The cats have loved it since they were kittens and they sometimes cuddle up with it when they go to sleep. I've noticed that they both carry this toy snake about in their mouths and when they do this they make the loudest meowing noise I've ever heard a cat make, its sort of a yodelling yowling noise and they make it while holding the snake in their mouths. 

At first it was just the black cat that would do this, but in the past few weeks I've noticed the tortoiseshell one will do the same. I find this toy snake everywhere, sometimes I wake up and its on the pillow next to my head, then later on in the day it will find its way into the living room. Is this peculiar behaviour for cats or is it pretty typical? 

My cats have loads of stuff to keep them entertained as they live with me on the top floor of a ten storey tower block, so they dont play outside on the balcony unless I'm with them. I have scratching posts / dozens of balls and other toys for them to play with, plus they keep each other (and me!) entertained chasing after one another and play-fighting endlessly. I was just curious about how they behave with this particular snake toy and wondered if they are pretending its prey or something else. If anyone knows what I mean I'd love to hear what you think.

thanks

Johnny


----------



## MCWillow (Aug 26, 2011)

I dont know what it means, but Willow is exactly the same with a toy squirrel!
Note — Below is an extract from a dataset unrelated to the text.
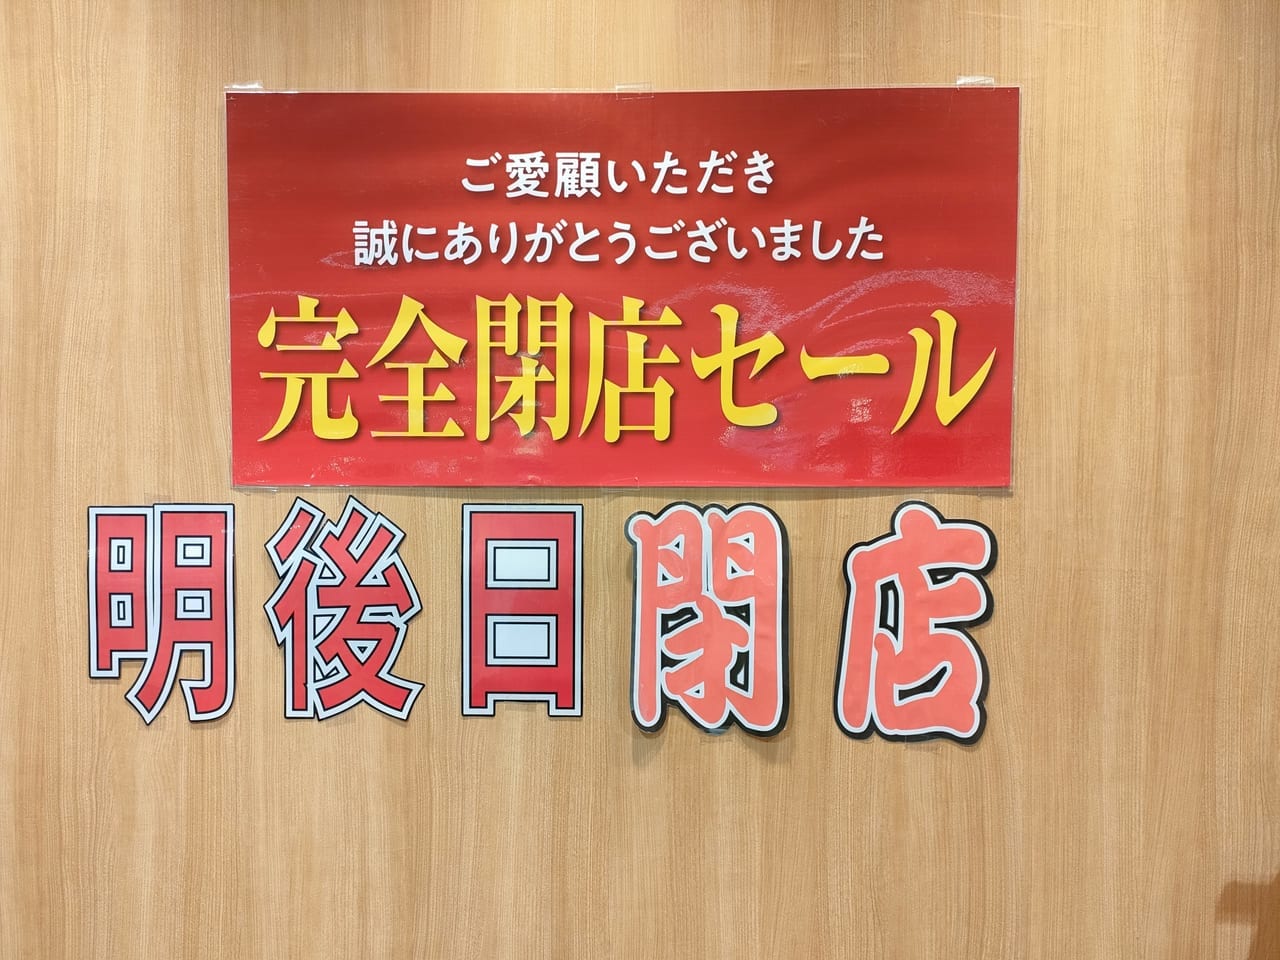 ラスカ平塚4階にある雑貨店「アップクリエイト」が8月31日（水）に閉店するようです。

It is the kind that you can open the tummy and put catnip in it, and we have two of them, and also a duck and mouse in the same range. She is only like it with one of the squirrels ( I know which one because it has the most threadbare tail!), and it doesnt matter if I have replenished the catnip or not.

So I'm not much help, but you're not alone, and it is kinda cute


----------



## johnnyleeds (Jun 18, 2012)

Hi Mcwillow, what absolute darling little kitties! here is a photo of my two:


----------



## Crushmer (Nov 14, 2011)

One of mine does it too. She makes the same yowling sound when carrying around the soft toy than when she is calling her kittens. So I think they are "pretending" that the toy is a kitten....


----------



## johnnyleeds (Jun 18, 2012)

Hmm, yes it could be something like the cats think the furry toy snake is a kitten, they do snuggle up with it. Or I wonder if they think its a piece of prey that they fetch to me as a present? Its not actually a cat toy from a pet shop so it doesnt have cat-nip inside it or anywhere to put catnip, I actually think its a Mcdonalds toy as I once saw another in the toys section of a charity shop and it was in one of the polythene bags like you get toys inside 'Happy Meals'. I wish I'd bought it as the original one is getting a bit tatty now and it would be handy to have a replacement as they love it so much. Its like a purple plush snake with a yellow tummy and two eyes on its oversized head. Its only about 15 cm long and its kind of curly in its shape.


----------



## loubyfrog (Feb 29, 2012)

johnnyleeds said:


> Hmm, yes it could be something like the cats think the furry toy snake is a kitten, they do snuggle up with it. Or I wonder if they think its a piece of prey that they fetch to me as a present? Its not actually a cat toy from a pet shop so it doesnt have cat-nip inside it or anywhere to put catnip, I actually think its a Mcdonalds toy as I once saw another in the toys section of a charity shop and it was in one of the polythene bags like you get toys inside 'Happy Meals'. I wish I'd bought it as the original one is getting a bit tatty now and it would be handy to have a replacement as they love it so much. Its like a purple plush snake with a yellow tummy and two eyes on its oversized head. Its only about 15 cm long and its kind of curly in its shape.


I think the snake is from a curly wurly Easter egg (i bought the hubby one & he got me the freddo frog one!!)

tried to entice my two with it but they just look at me blankly so if you want a replacement just give me a shout although you know they'll probably not pay any attention to the new one


----------